What Averion Hurts said in Hayes’s Bleacher Report story shouldn’t surprise anyone who has been paying attention. The only thing out of the ordinary was the brutal honesty on the part of the elder Hurts about what would happen if his son didn’t win the starting quarterback job. “He'd be the biggest free agent in college football history,” the elder Hurts told Hayes.

After Thursday’s practice, Saban addressed Averion Hurts’s comments. “I had a meeting with Jalen’s dad after the second scrimmage [Saturday],” Saban told reporters in Tuscaloosa. “It’s going to be handled in a private manner. Jalen’s done a great job and had significant improvement. But everyone has career decisions to make.”

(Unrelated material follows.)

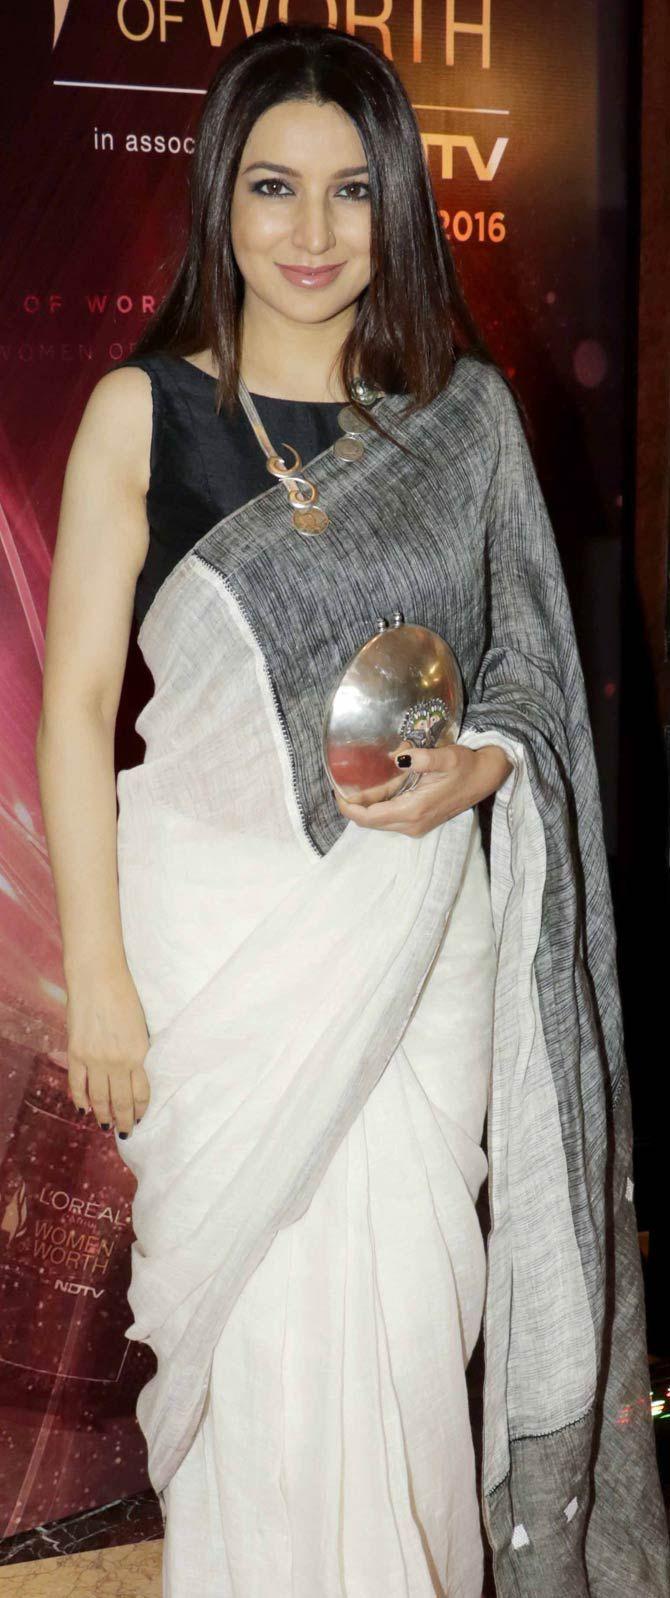 Tisca Chopra at the Women of Worth Awards. #Bollywood #Fashion #Style #Beauty #Hot #Desi #Saree

Translation: Saban isn’t going to alter his evaluation schedule to fit anyone’s timetable, and he plans to keep on winning no matter who is still on the roster. And that’s the one thing that feels the most certain. Alabama can win with either quarterback, and Alabama probably would also win with neither quarterback. But more than likely, the Crimson Tide will continue to roll with just one of them.

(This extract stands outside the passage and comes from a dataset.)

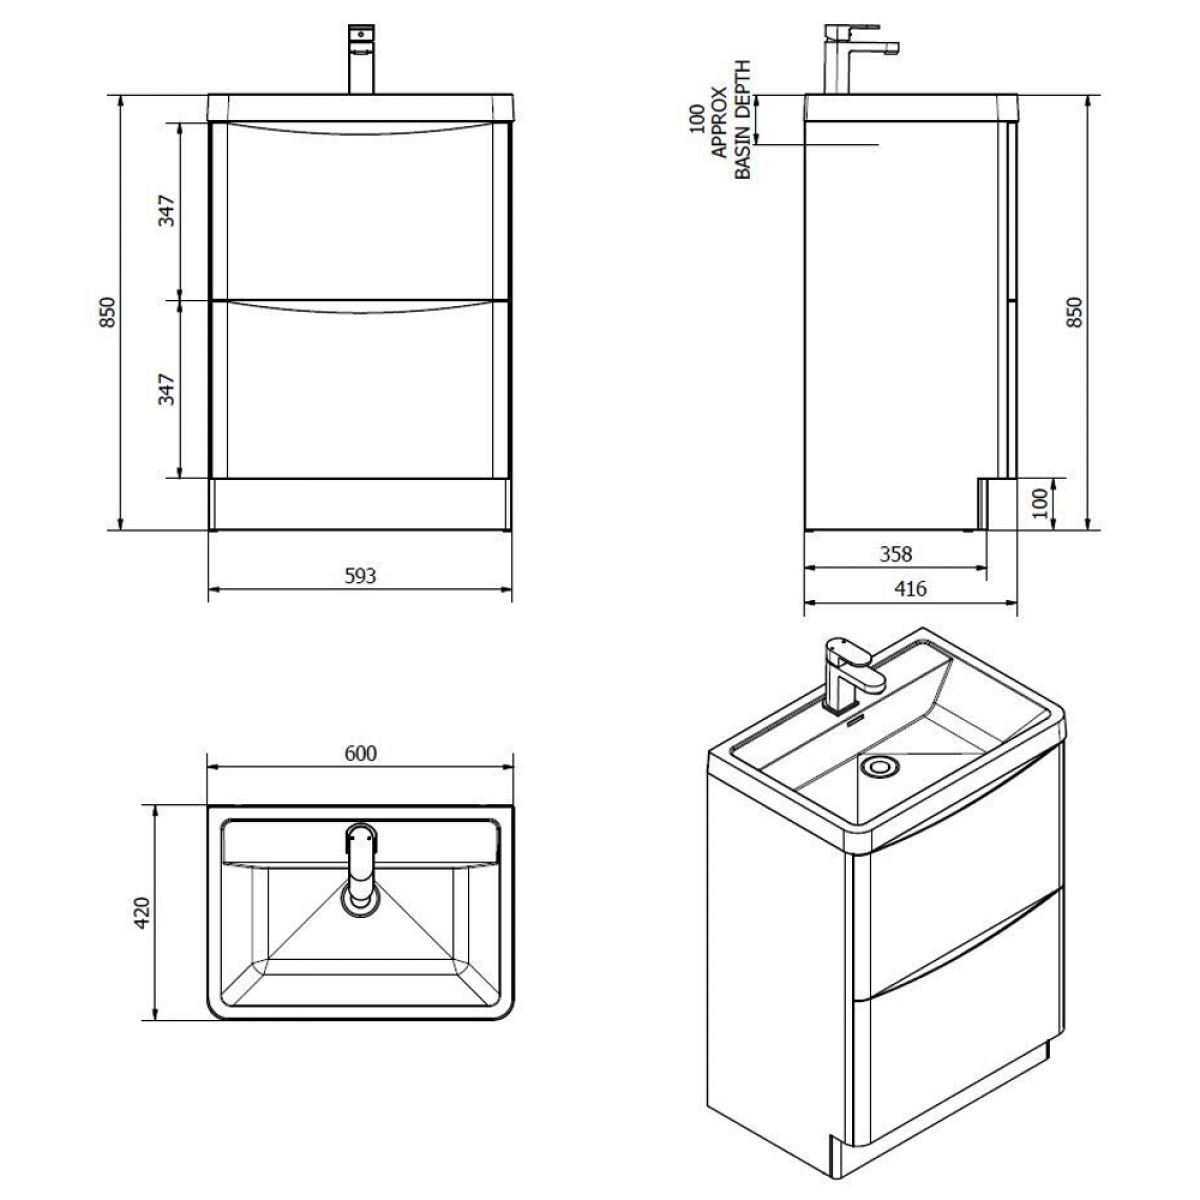 Bali White Ash Floor Standing Vanity Unit 600mm Dimensions

Saban would love to have both quarterbacks available this season. Any coach would. But the timing of this particular competition suggests someone will leave at some point before Alabama’s season opener against Louisville in Orlando on Sept. 1. Averion Hurts made clear that his son, a rising junior, would seek a place to start at quarterback if he isn’t the starter. Tagovailoa, a rising sophomore, probably would do the same thing. Neither one came to sit on the bench, and either one would have more than 100 FBS programs willing to give him every opportunity to win the starting job in 2019. Had Tagovailoa not been inserted in the second half of the national title game—when he led the Crimson Tide back from a 13–0 deficit for a 26–23 overtime win—he might be somewhere else already.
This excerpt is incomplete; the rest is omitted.